- _Work to complete_
Where the listing shows an image, skip it and output all other material unchanged.

- _Information provided_
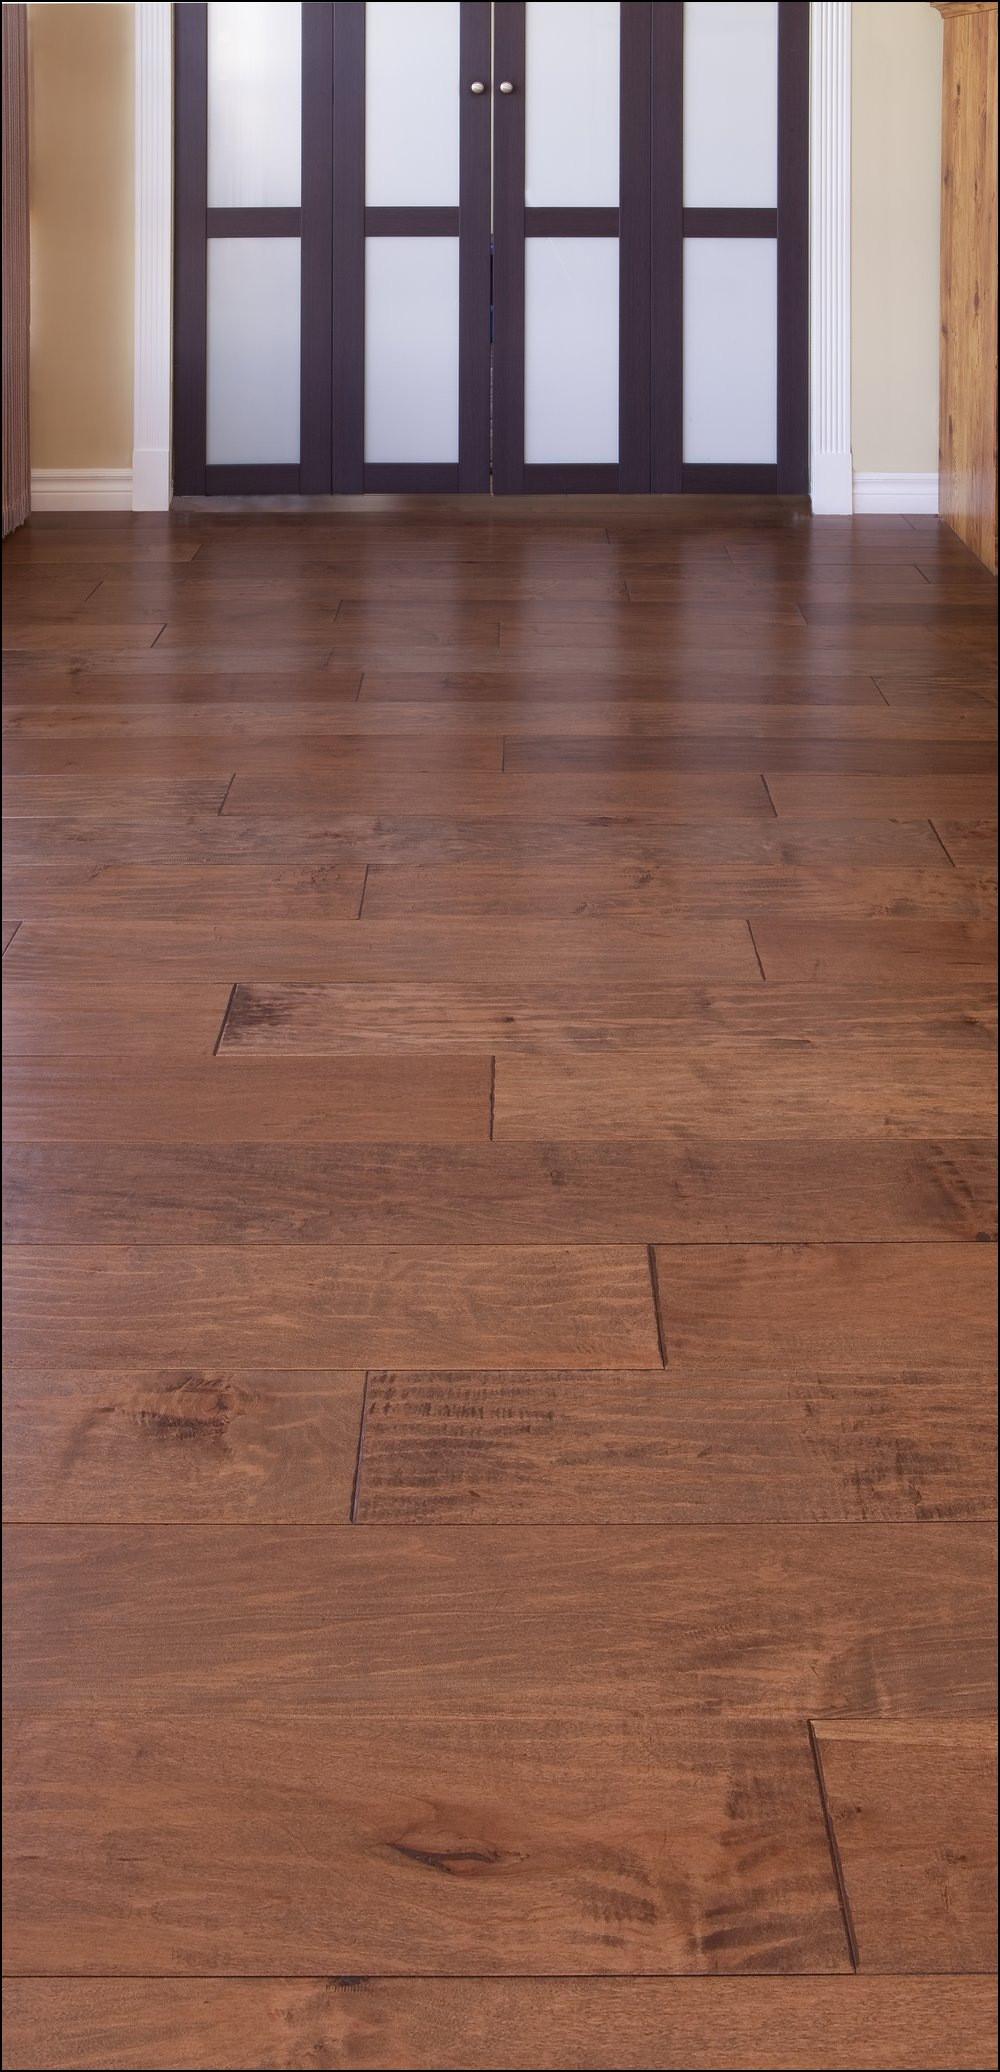 22 Lovable Hand Scraped Hardwood Flooring Reviews 2021 free download hand scraped hardwood flooring reviews of hand scraped vinyl plank flooring reviews flooring ideas for hand scraped vinyl plank flooring reviews boardwalk hardwood floors of hand scraped vin
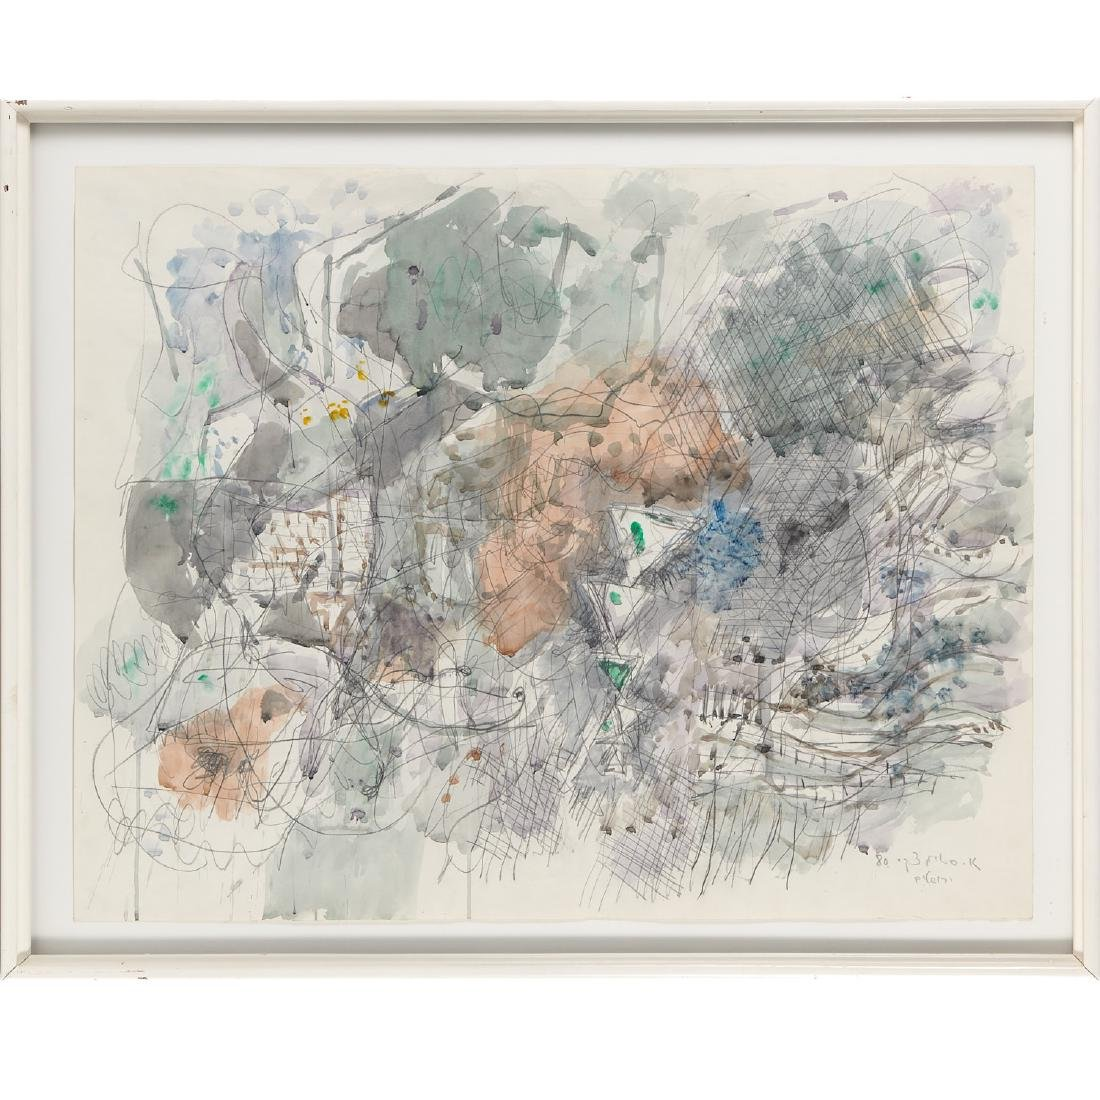 Avigdor Stematzky, Abstract Landscape, 1980
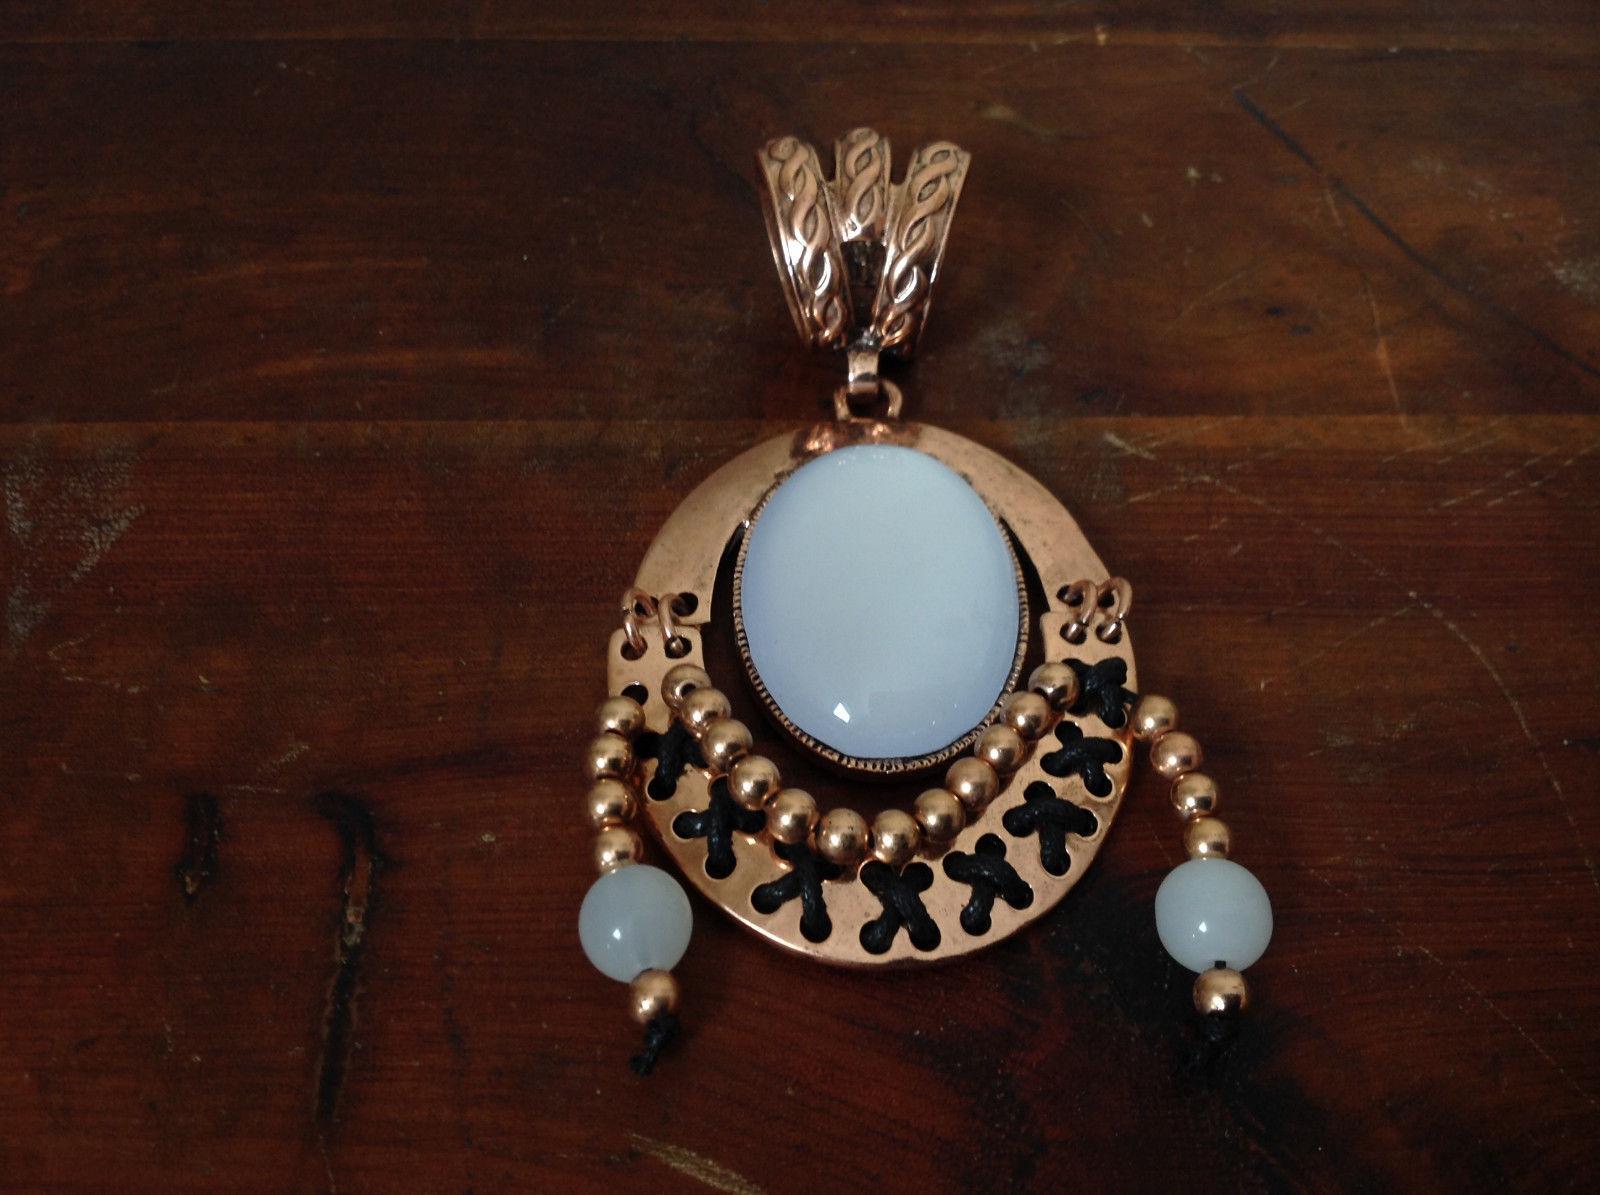 Elegant Bronze Tone Vintage Style Scarf Pendant with Large White Stone and Beads
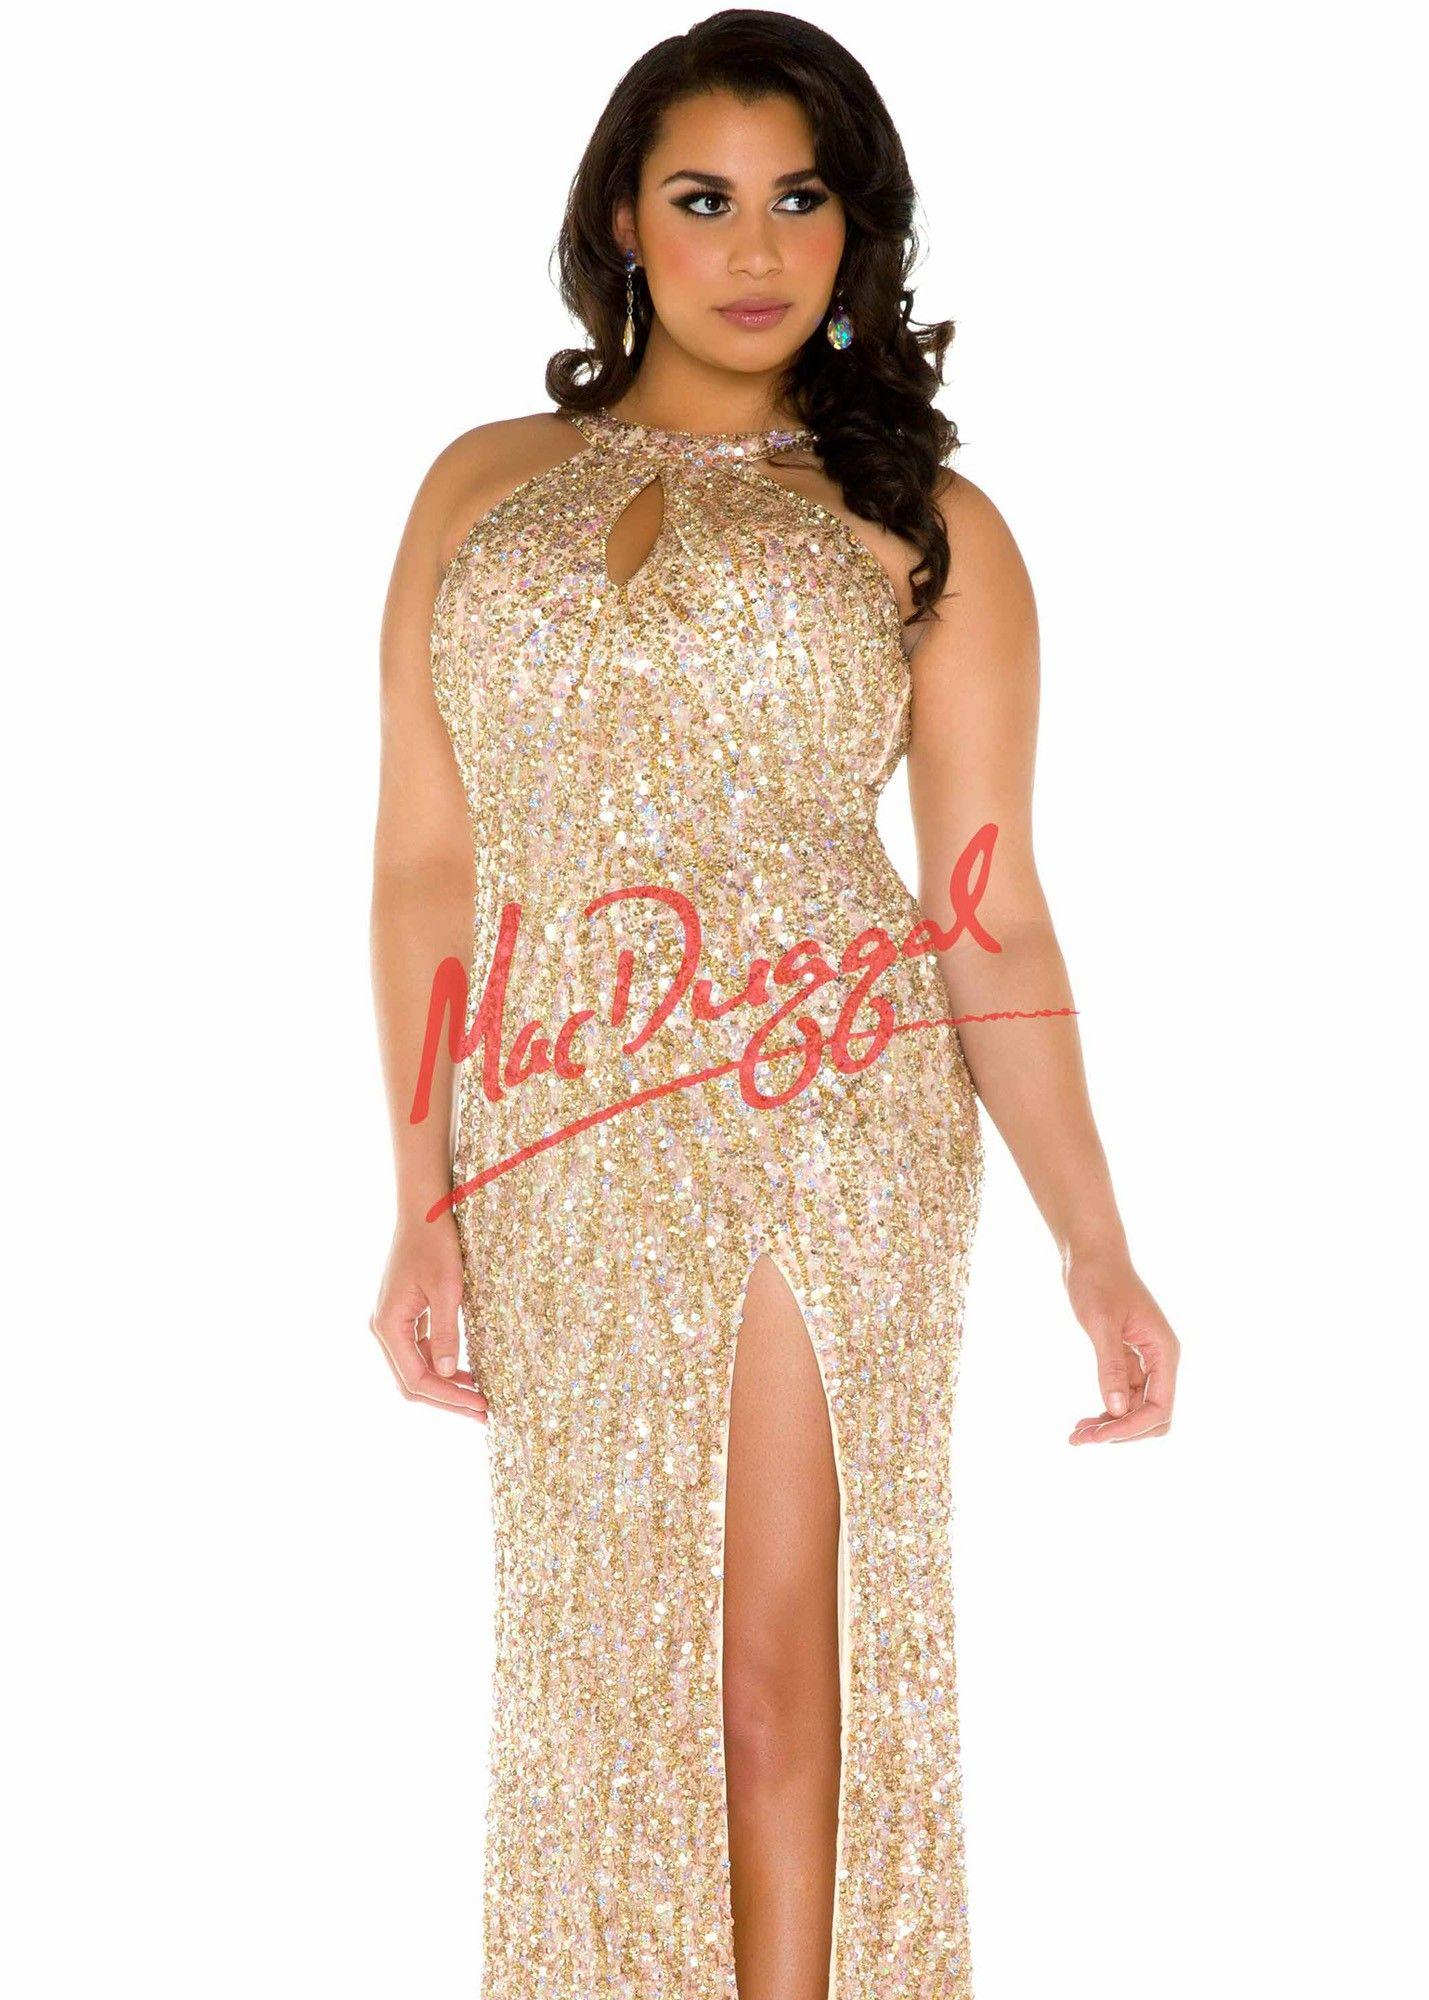 Royal Blue One Shoulder Plus Size Prom Dress.. i love this dress ...

- _Expected output_
 22 Lovable Hand Scraped Hardwood Flooring Reviews 2021 free download hand scraped hardwood flooring reviews of hand scraped vinyl plank flooring reviews flooring ideas for hand scraped vinyl plank flooring reviews boardwalk hardwood floors of hand scraped vin
 Avigdor Stematzky, Abstract Landscape, 1980
 Elegant Bronze Tone Vintage Style Scarf Pendant with Large White Stone and Beads
 Royal Blue One Shoulder Plus Size Prom Dress.. i love this dress ...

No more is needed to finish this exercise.